**** Dataset extract

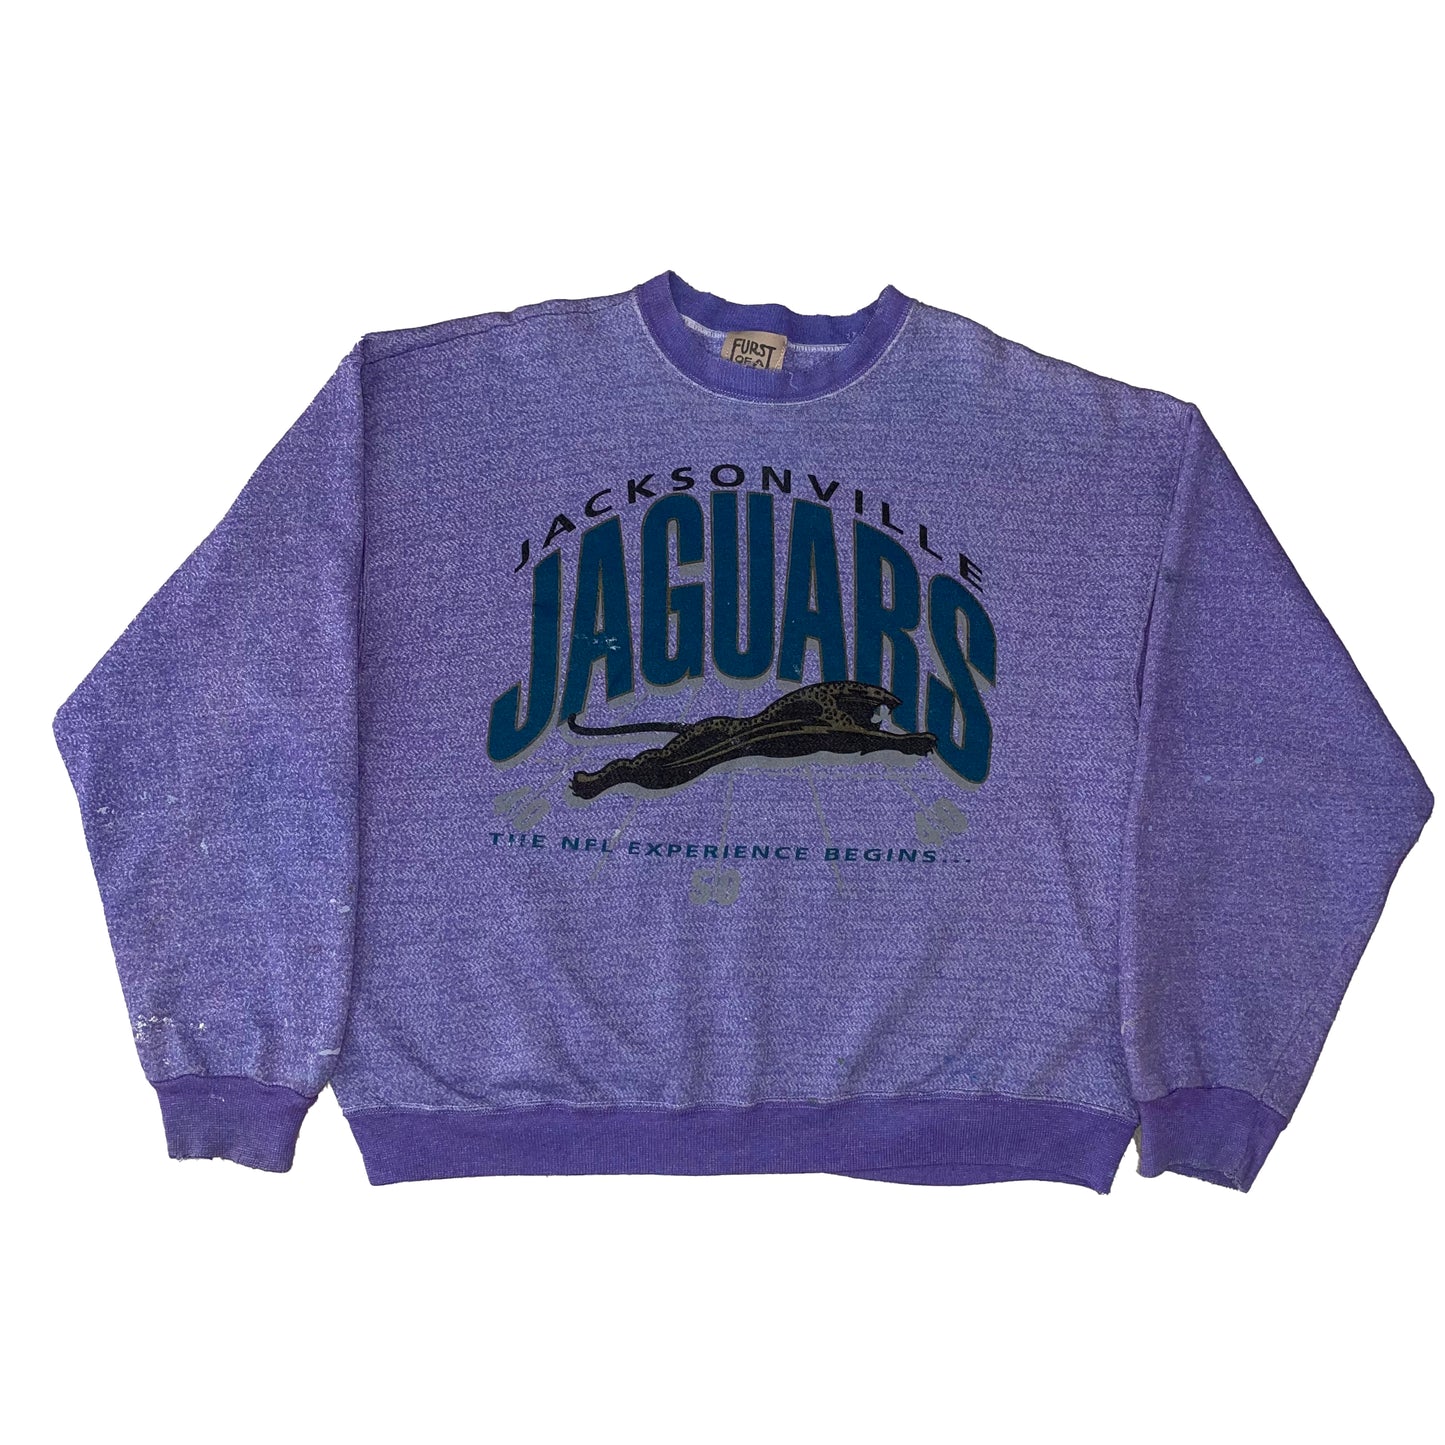 Jacksonville Jaguars purple banned logo sweatshirt size LARGE
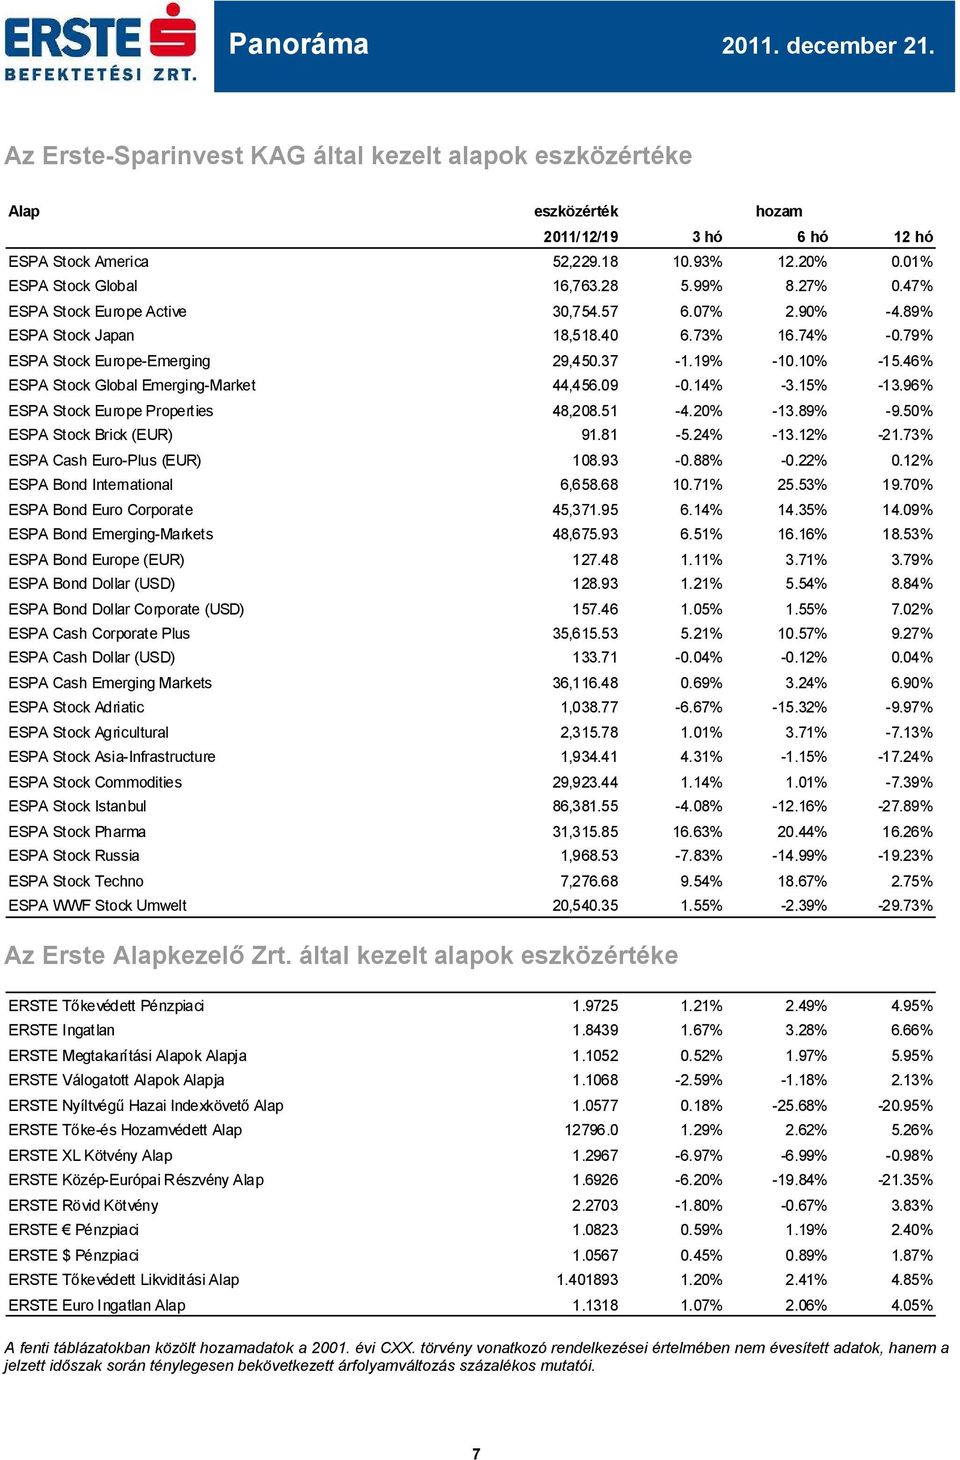 46% ESPA Stock Global Emerging-Market 44,456.09-0.14% -3.15% -13.96% ESPA Stock Europe Properties 48,208.51-4.20% -13.89% -9.50% ESPA Stock Brick (EUR) 91.81-5.24% -13.12% -21.
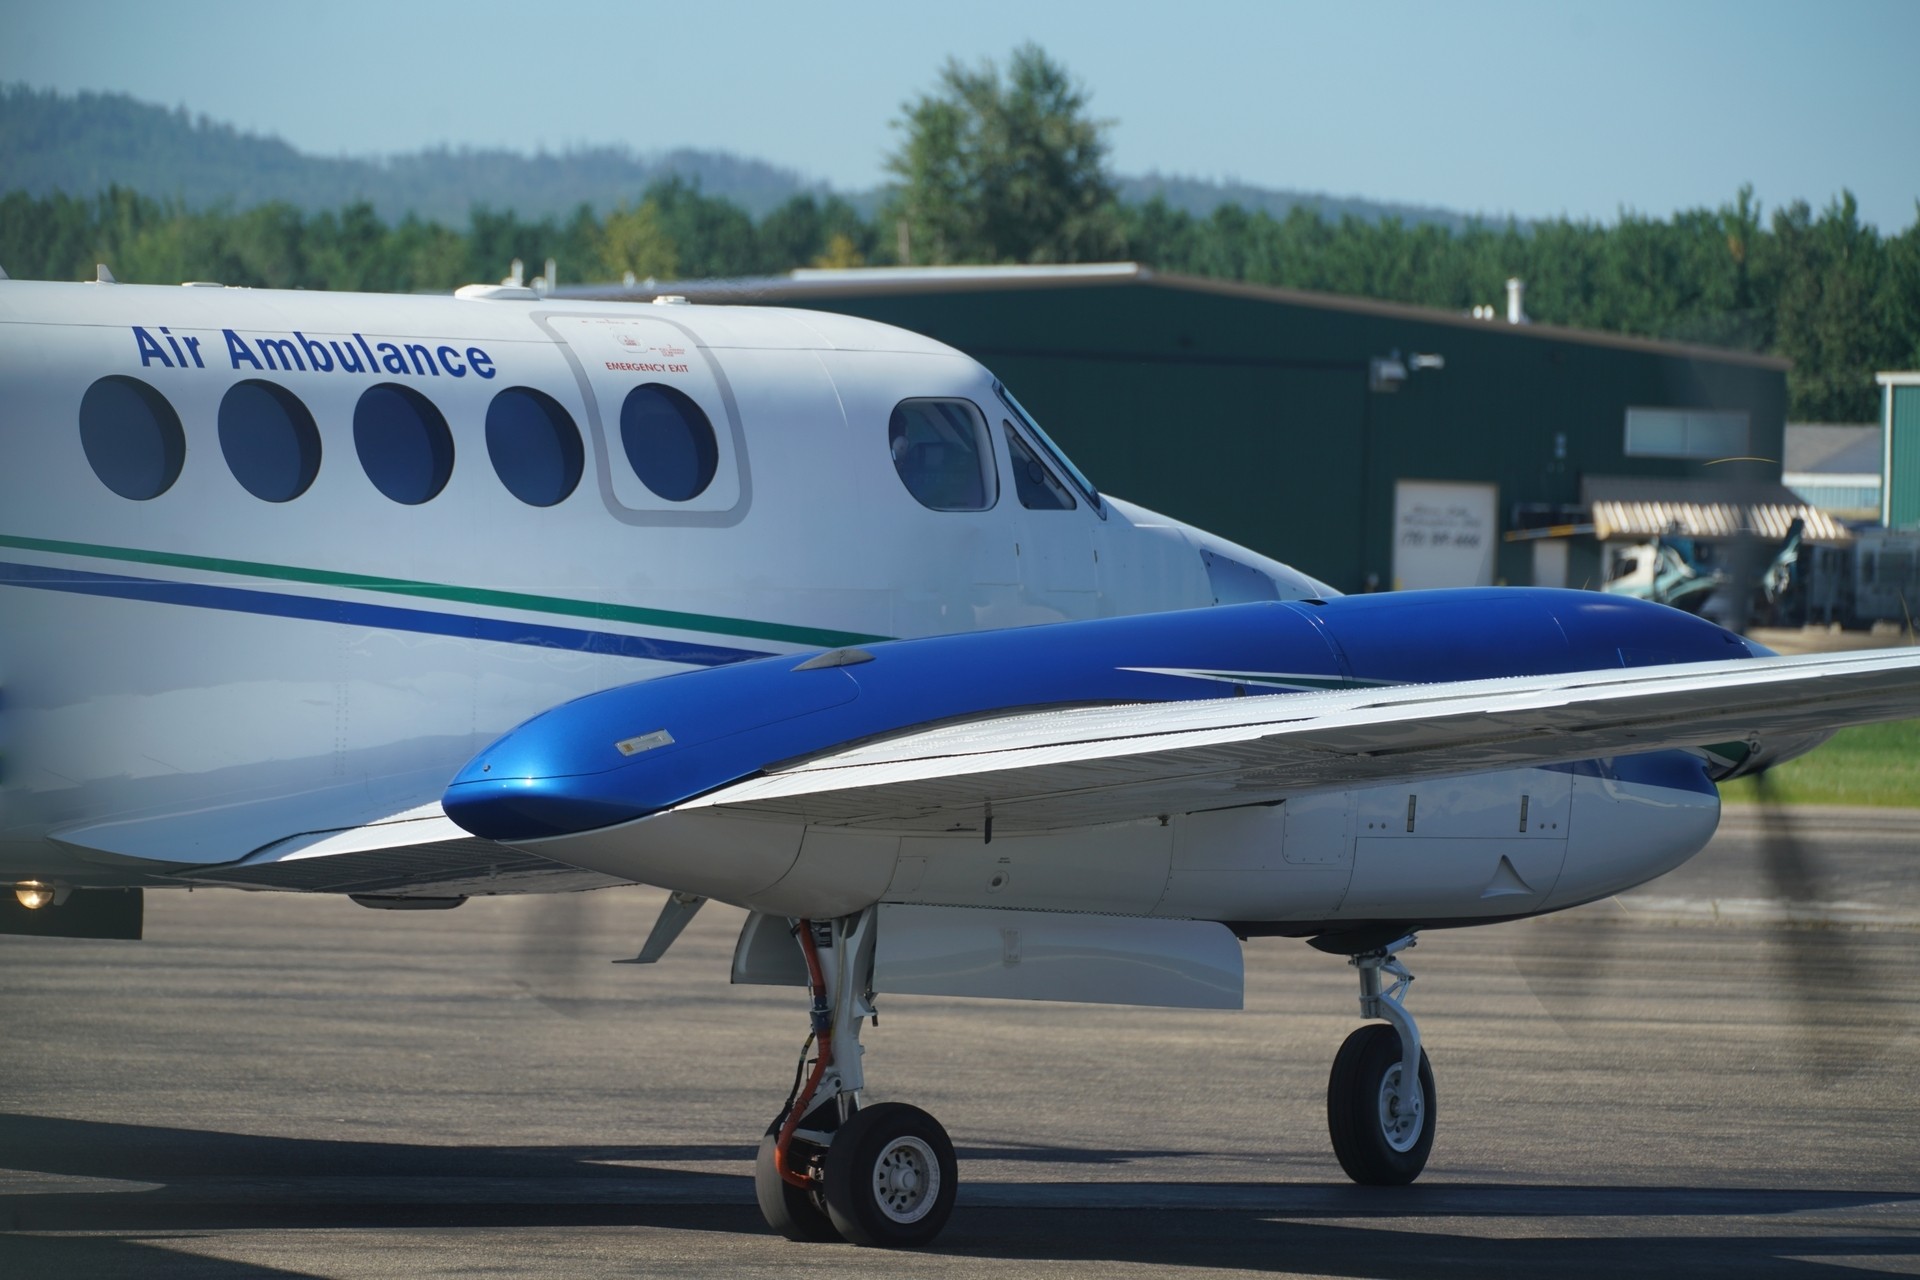 Medevac Air Ambulance Private Jet Charter Service

********

** Your goal **
Word for word, restate all of the material, omitting the images.

** Solved exercise **
 Jacksonville Jaguars purple banned logo sweatshirt size LARGE
 46% ESPA Stock Global Emerging-Market 44,456.09-0.14% -3.15% -13.96% ESPA Stock Europe Properties 48,208.51-4.20% -13.89% -9.50% ESPA Stock Brick (EUR) 91.81-5.24% -13.12% -21.
 Medevac Air Ambulance Private Jet Charter Service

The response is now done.